# Input data
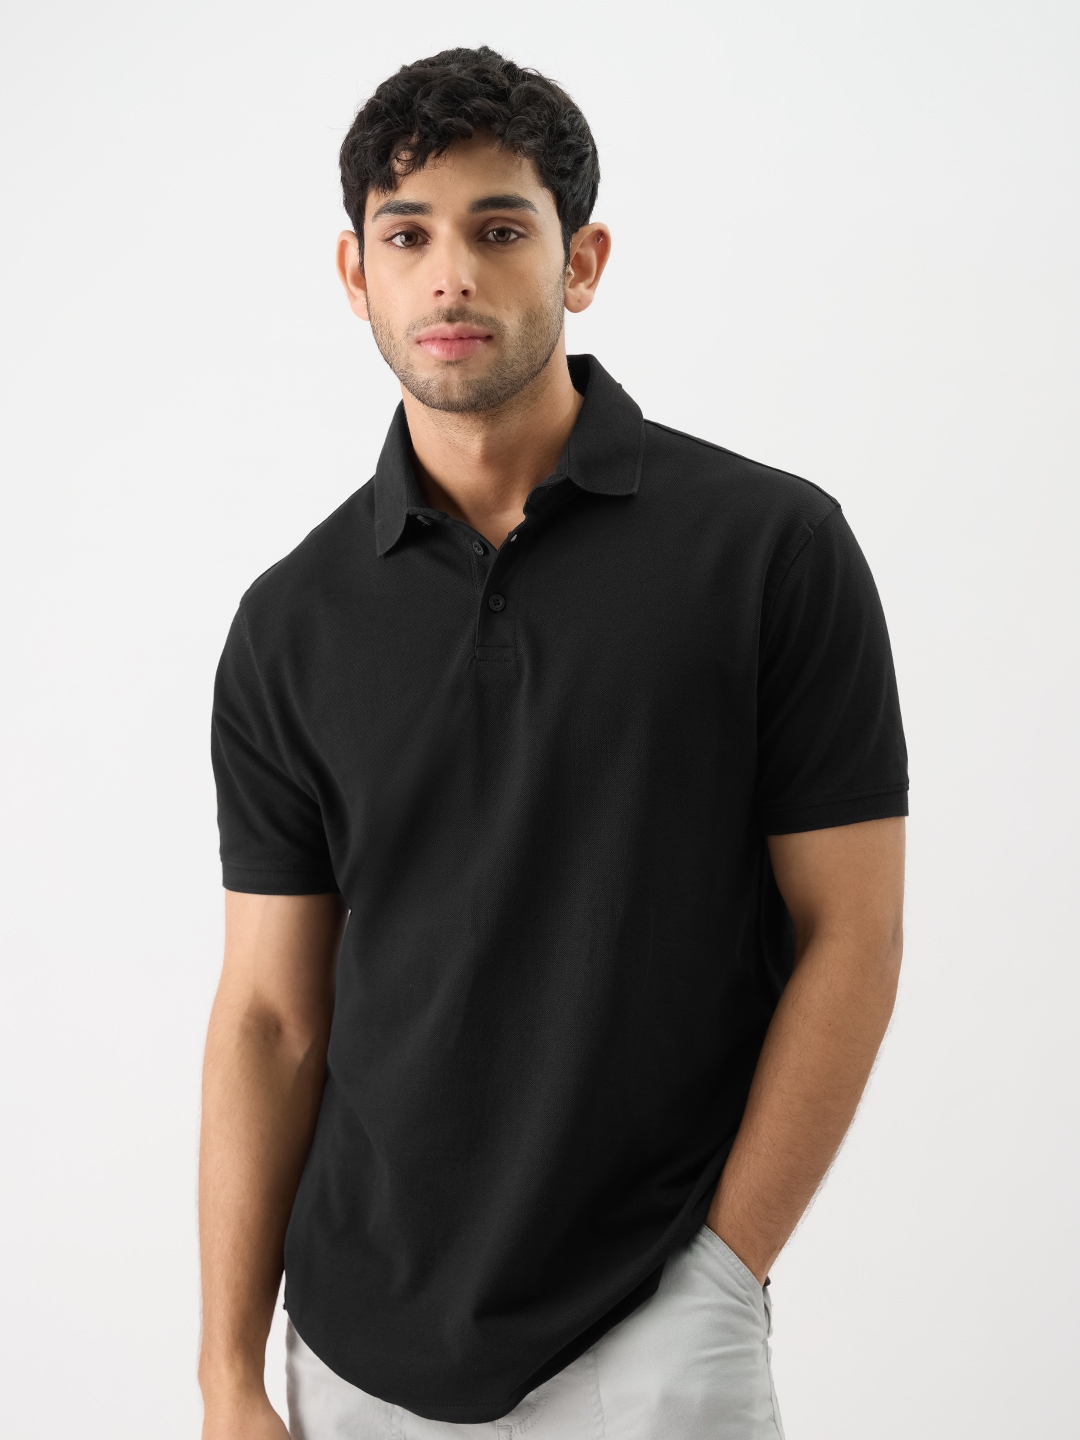 Men's Solids: Black Polo T-Shirt
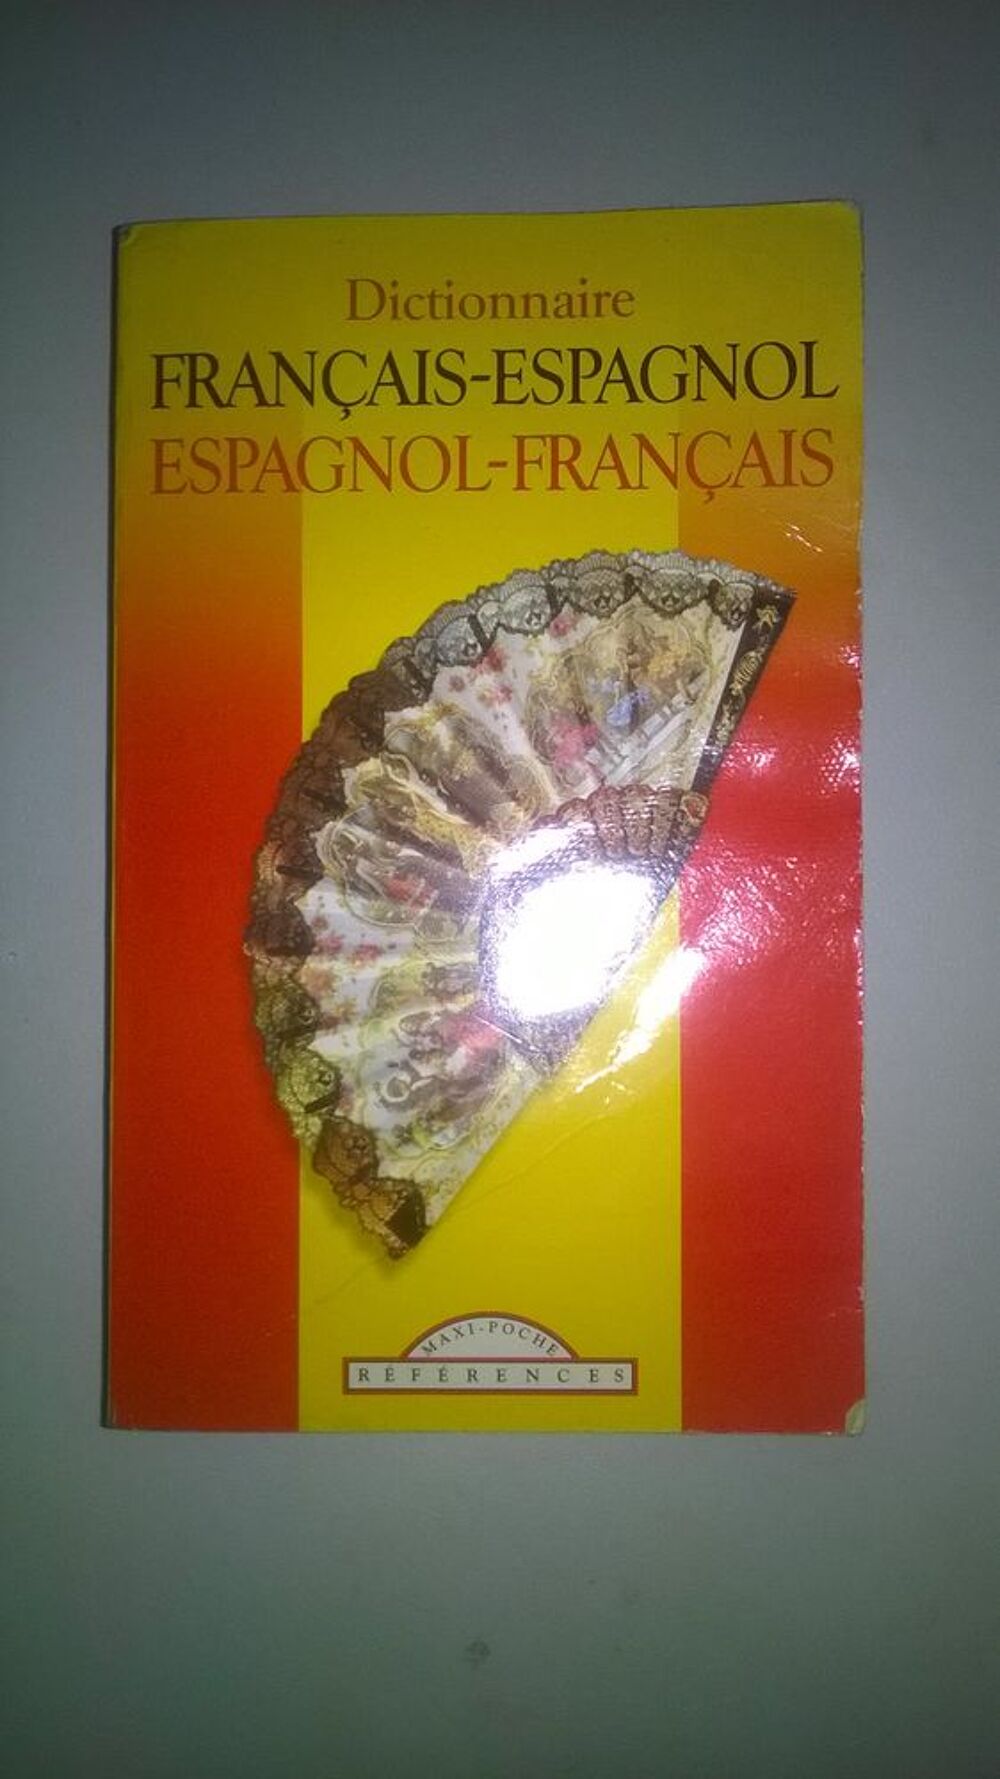 Dictionnaire fran&ccedil;ais/espagnol (Broch&eacute;)
Maxi poche
Livres et BD

# Exercise objective
What this calls for is the material above set down exactly, pictures excluded.

# Answer to the problem
 Men's Solids: Black Polo T-Shirt
 Dictionnaire fran&ccedil;ais/espagnol (Broch&eacute;)
Maxi poche
Livres et BD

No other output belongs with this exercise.